Add source terms to the right hand side of the conservative equations, momentum and energy equations only. This yields the extended GLM equations given by Eq. (24a)–(24c) in

"Hyperbolic Divergence cleaning for the MHD Equations" Dedner et al. (2002), JcP, 175, 645

void GLM_Init ( const Data d,
const Time_Step Dts,
Grid grid 
)

Initialize the maximum propagation speed glm_ch.

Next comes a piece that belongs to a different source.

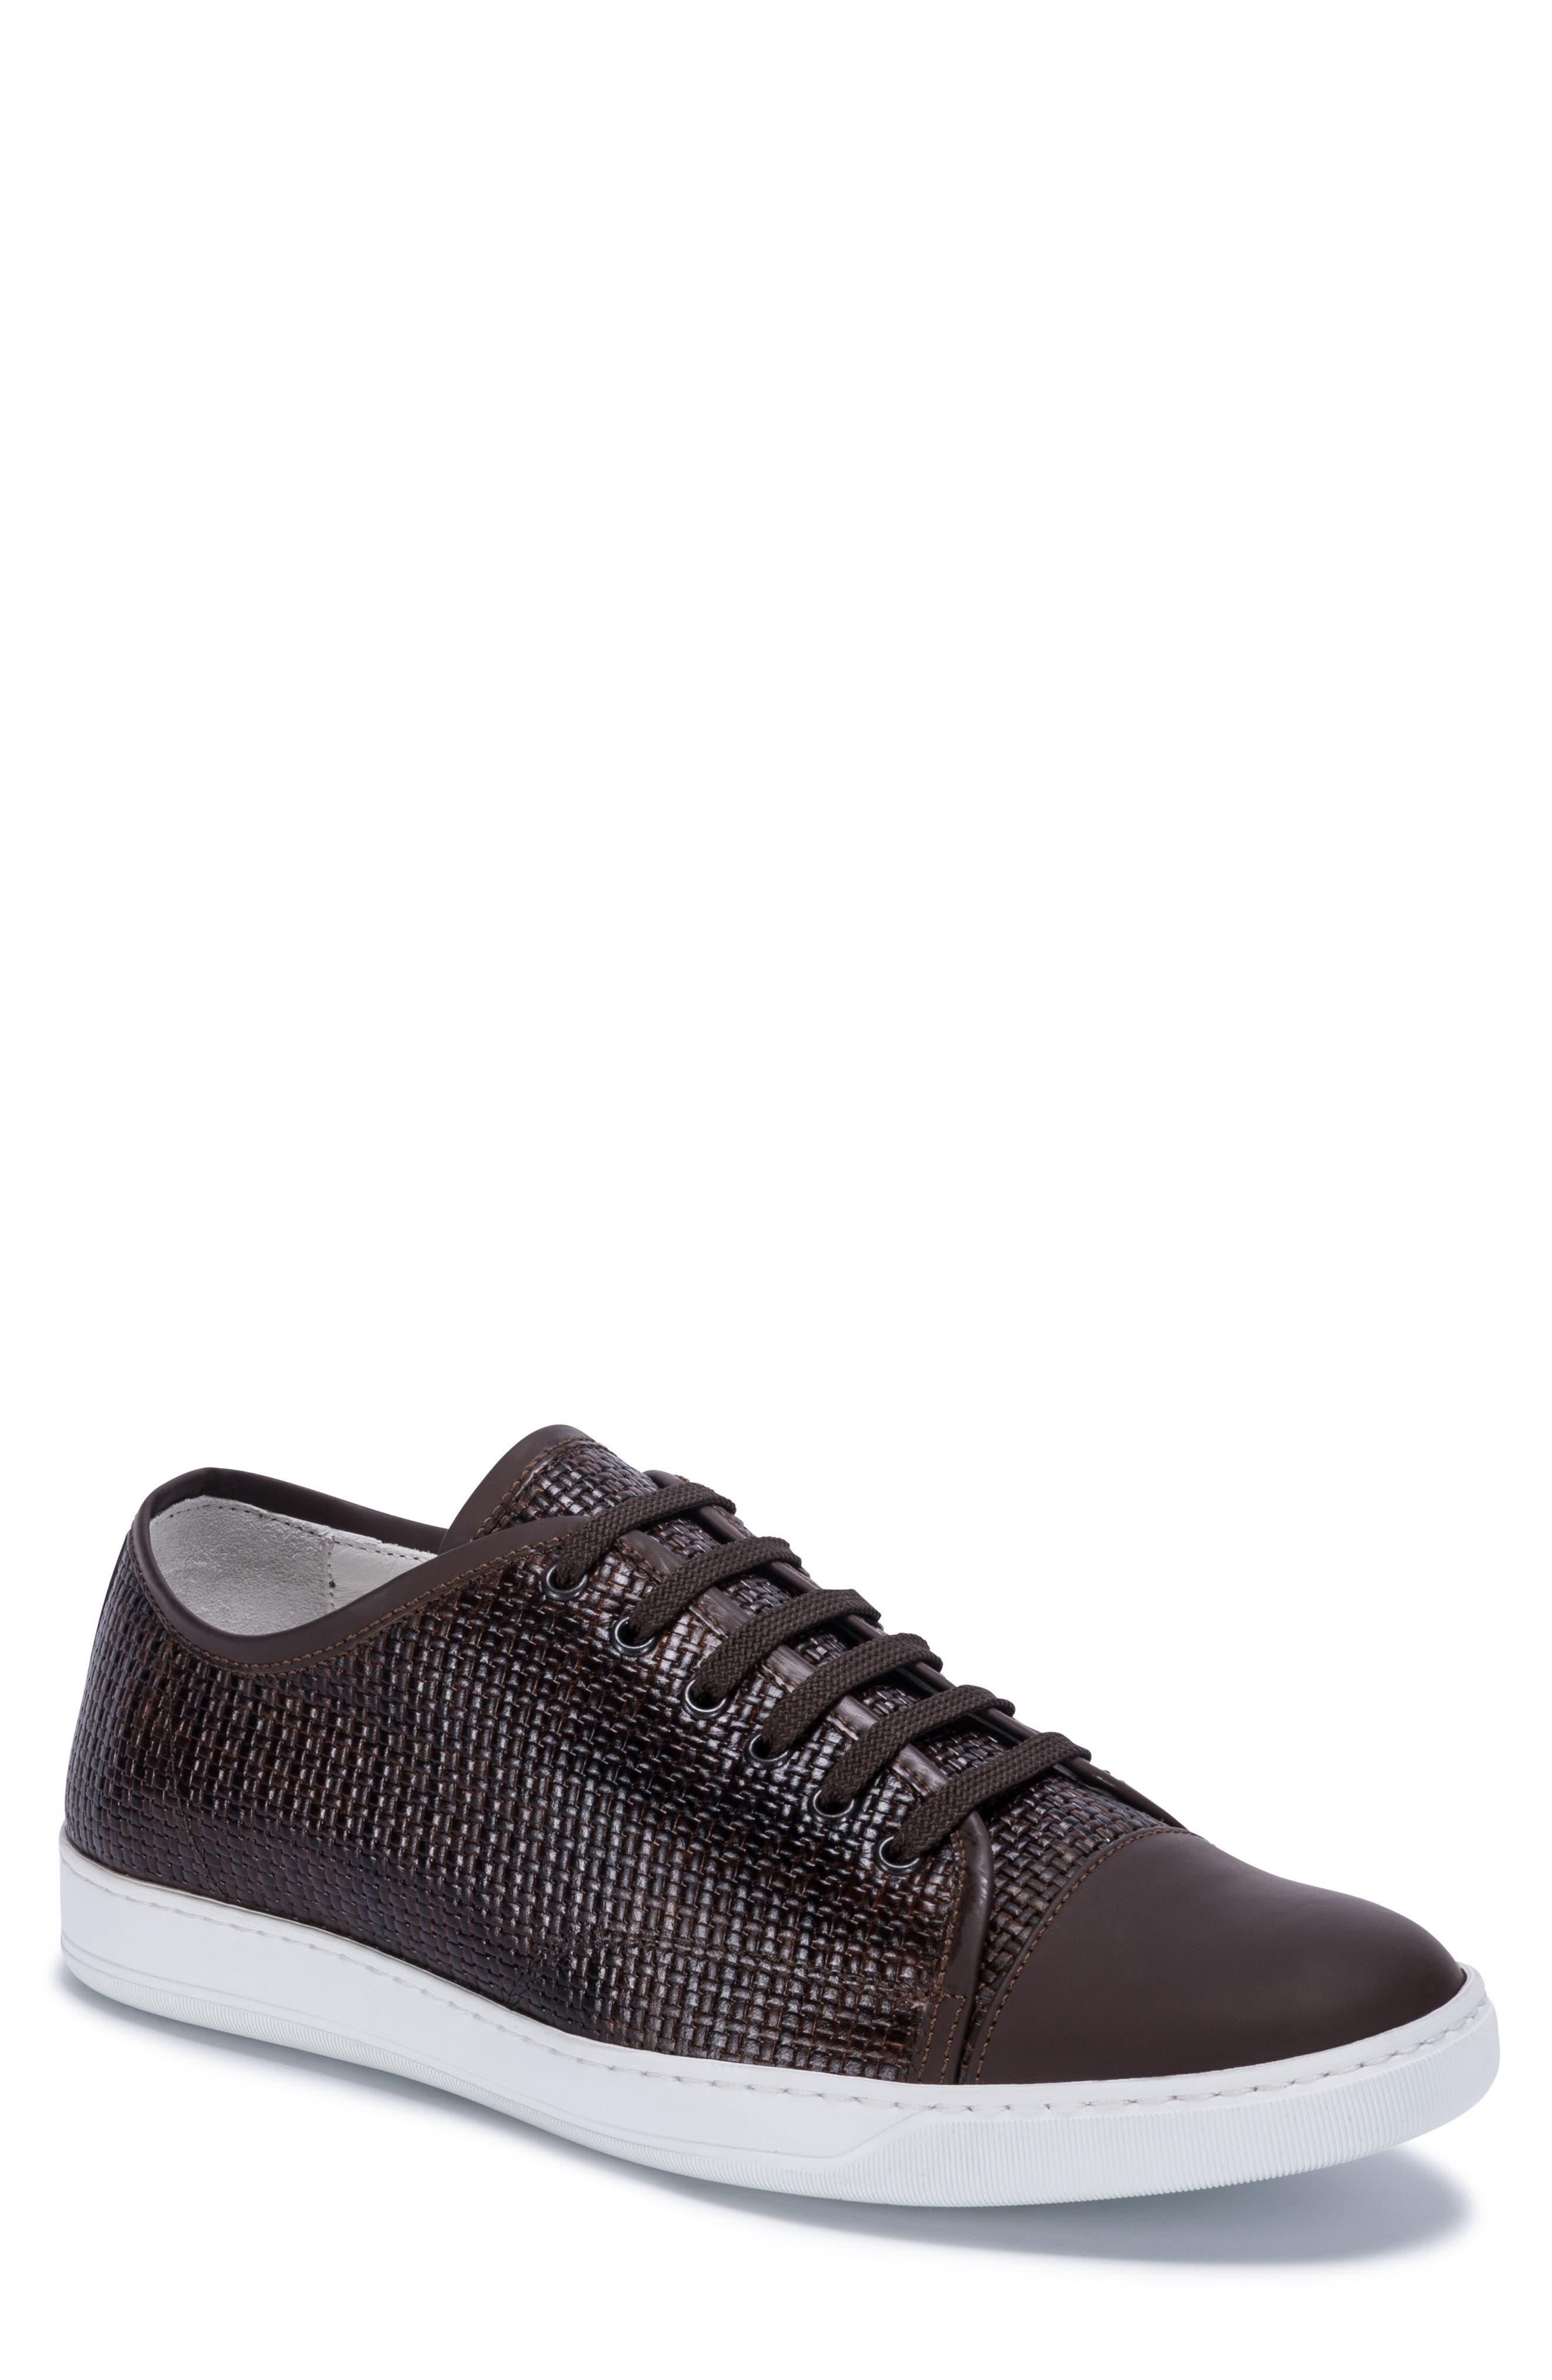 Cinque Terre Woven Cap Toe Sneaker,                         Main,                         color, Brown Leather

void GLM_Solve ( const State_1D state,
double **  VL,
double **  VR,
int  beg,
int  end,
Grid grid 
)

Solve the 2x2 linear hyperbolic GLM-MHD system given by the divergence cleaning approach. Build new states VL and VR for Riemann problem. We use Eq. (42) of Dedner et al (2002)

Parameters
[in,out]statepointer to a State_1D structure
[out]VLleft-interface state to be passed to the Riemann solver
[out]VRright-interface state to be passed to the Riemann solver
[in]begstarting index of computation
[in]endfinal index of computation
[in]gridpointer to array of Grid structures

The purpose of this function is two-fold:

  1. assign a unique value to the normal component of magnetic field and to te scalar psi before the actual Riemann solver is called.
  2. compute GLM fluxes in Bn and psi.

The following MAPLE script has been used

1 restart;
2 with(linalg);
3 A := matrix(2,2,[ 0, 1, c^2, 0]);
4 
5 R := matrix(2,2,[ 1, 1, c, -c]);
6 L := inverse(R);
7 E := matrix(2,2,[c,0,0,-c]);
8 multiply(R,multiply(E,L));
void GLM_Source ( const Data_Arr  Q,
double  dt,
Grid grid 
)

Include the parabolic source term of the Lagrangian multiplier equation in a split fashion for the mixed GLM formulation. Ref. Mignone & Tzeferacos, JCP (2010) 229, 2117, Equation (27).

Variable Documentation

double glm_ch

The propagation speed of divergence error.